A Mexican human rights group launched an online guide Wednesday for people searching for missing relatives, a real need in a country where authorities are slow to act.
Mexico has almost 110,000 people listed as missing, but many of the most effective searches are carried out by relatives or activists. Mexico’s antiquated, underfunded police system has been overwhelmed by waves of gang-fueled abductions and killings.
The legal system, meanwhile, is arcane in both terminology and procedures, and makes little allowance for people unfamiliar with legal terms.
Because families have to confront a steep learning curve when someone goes missing, the online guide tells people what the legal steps are for filing anything from a crime report to a constitutional injunction.
The Miguel Agustín Pro Juárez human rights center hopes the guide will help people find and preserve evidence and testimonies, and eventually find their loved ones.
María Luisa Aguilar, a director of the rights center, said families “face prosecution officials every day who are at best indifferent to their requests.”
Relatives often have to request and collect evidence like video camera footage and telephone records themselves.
Jacqueline Palmeros had to learn all this quickly for herself 2 1/2 years ago, when her daughter Jael Montserrat disappeared after boarding a vehicle on the outskirts of Mexico City.
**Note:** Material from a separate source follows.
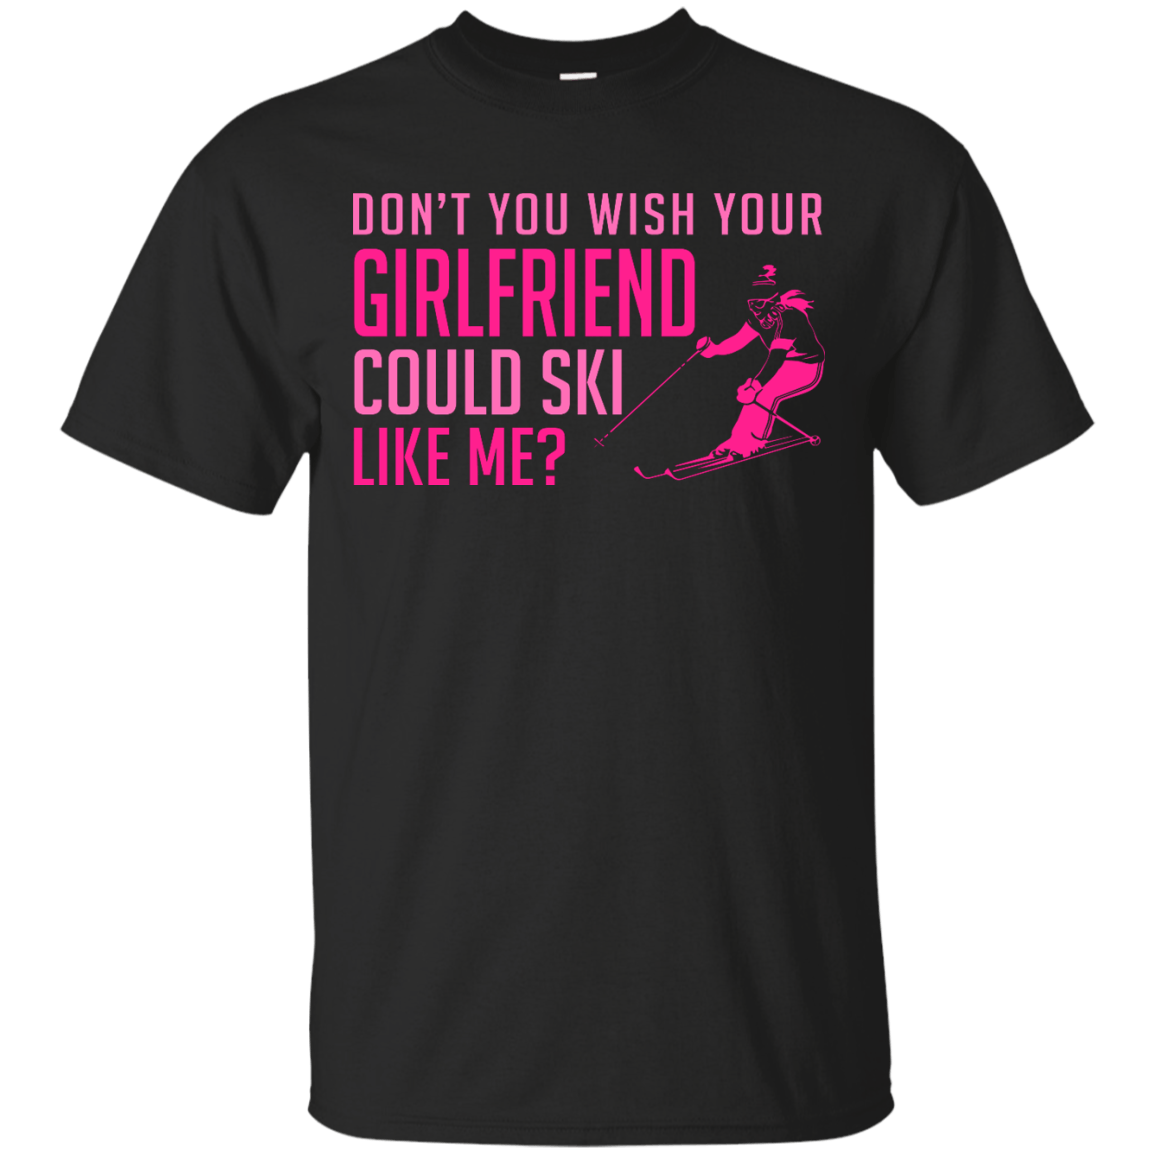 Don't You Wish Your Girlfriend Could Ski Like Me? Tees
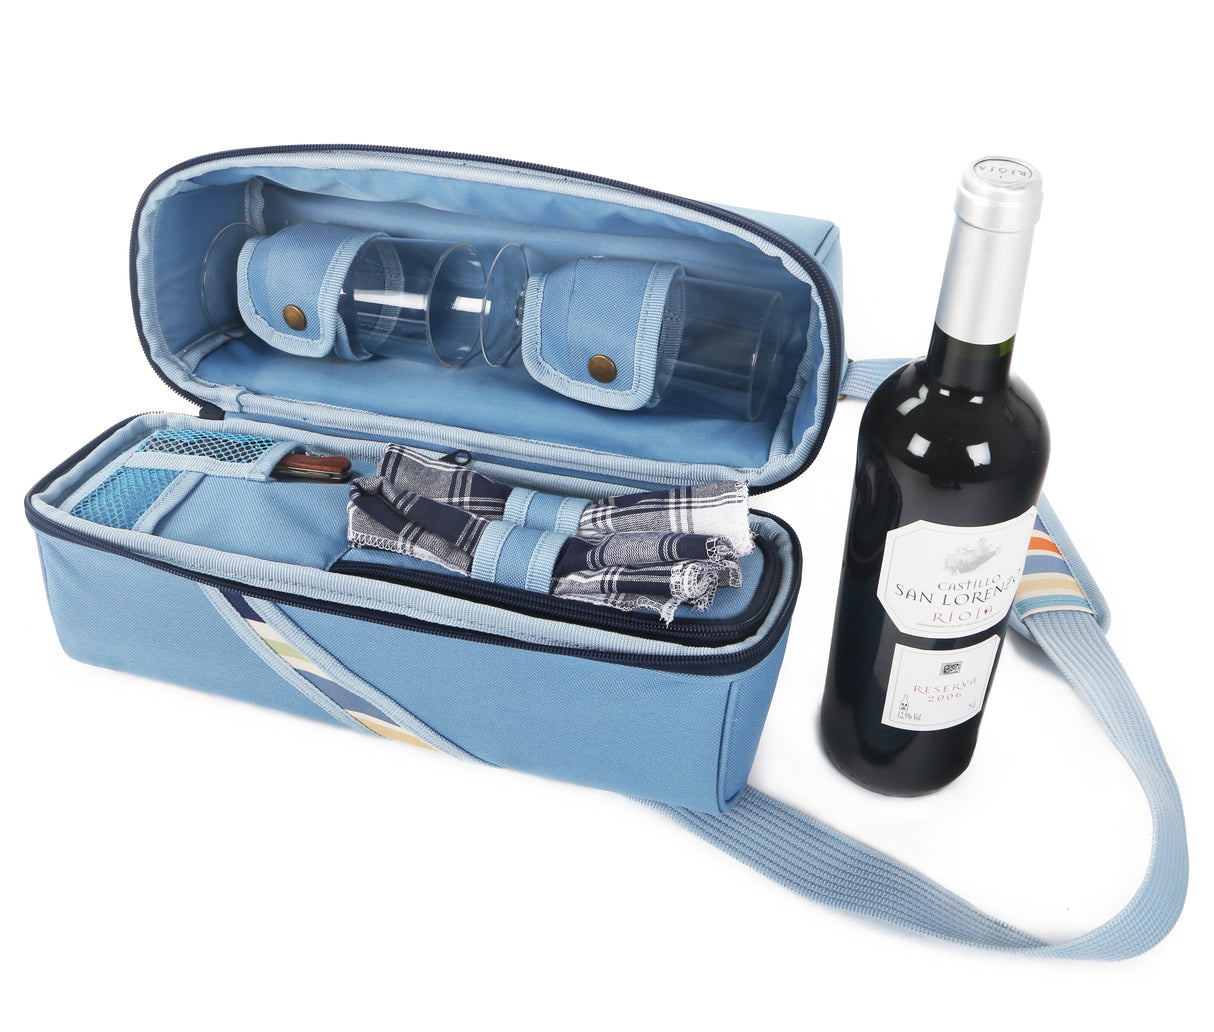 Greenfield Collection Deluxe Wine Cooler Bag for Two People - The Greenfield Collection

Palmeros hopes the new guide will help others “to persevere in the pursuit of truth and justice,” and avoid having to learn it all as they go.
It is an uphill battle. Mexican authorities have about 52,000 unclaimed bodies on their hands that they have been unable to identify. With morgues overflowing, they have been forced to bury them in paupers’ graves. This means the cases of many missing people may never be solved.